The incredible new £385bn megaproject that will ‘use 20 percent of the world’s steel’ | World | News
The construction of a gigantic mega city in Saudi Arabia currently uses “20 percent of the global steel market”, a spokesperson for the project has claimed.
Neom is a 10,000-square-mile strip of land along the Red Sea coast which has been levelled to create a vast megacity as part of a project launched by the Kingdom’s Crown Prince Mohammed bin Salman in 2017.
The flagship development well be The Line, a linear smart city 105 miles long with no cars or streets and capacity to house 9 million people.
The project is expected to be completed in 2045, though a 5km central area is projected to be up and running at the end of the decade, according to reports.
It’s part of the Saudi Vision 2030 project announced in 2016, covering an area twice the size of Lebanon, and will also include a dozen luxury resorts, a winter resort, an industrial city called Oxagon and Sindalah, a resort island.

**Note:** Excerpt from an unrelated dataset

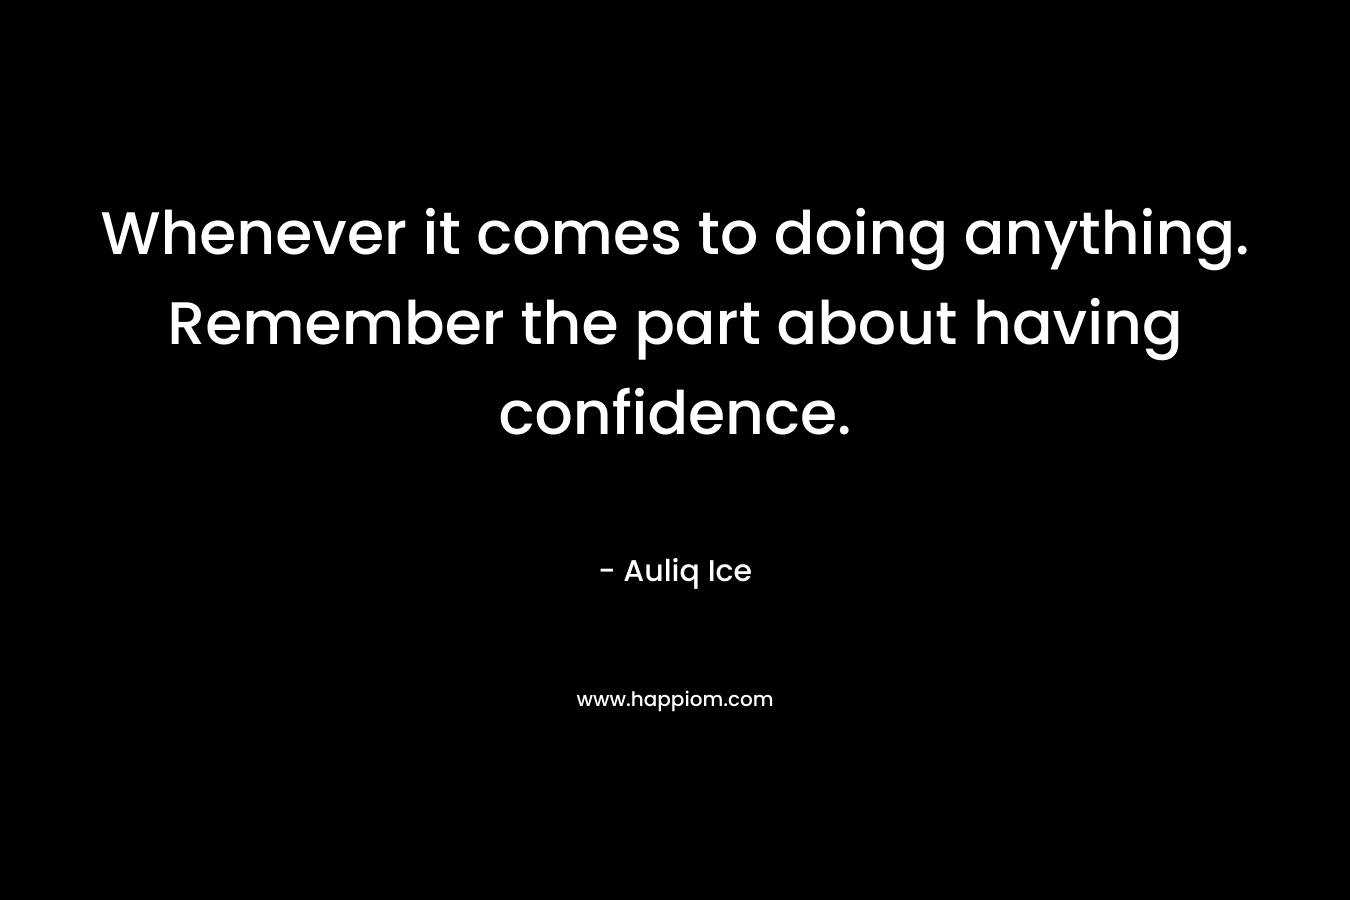 Whenever it comes to doing anything. Remember the part about having confidence.

Speaking at the Global Logistics Forum in Riyadh on the weekend of October 13, Neom’s chief investment officer, Manar Al Moneef, said: “Neom is going to be the largest customer [in logistics] over the next decade.
“If you look at our demand in logistics it’s 5 percent of the global logistics market,” she added, in comments quoted by business news outlet Arabian Gulf Business Insight.
“We are 20 percent of the global steel market. If you look at our demand for elevators, cement and so on … Put simply, Neom is going to be the largest customer over the next few decades.”
Though the Kingdom of Saudi Arabia boasts vast oil wealth—estimated to account for around 40 percent of the country’s GDP—it is not a major steel producer.
This means that the metals are likely being sourced in large part from abroad.
In 2022, the top iron & steel exporting nations were China ($69.8B), Germany ($36.9B), Japan ($35.7B), South Korea ($29B), and Indonesia ($28.8B), according to the Observatory of Economic Complexities.
Meanwhile, the top importers were the US ($43.2b), China ($41.4b), Germany ($36b), Italy ($30.2b), and Turkey ($25.6b), according to the
Saudi Arabia imported only 0.98 percent of the global total iron and steel from overseas or $5.53bn worth.
The official cost of building Neom was anticipated to be $500 billion (£385.4bn), though independent analysts estimate the true cost of the project is closer to $1.5 trillion (£1.15 trillion).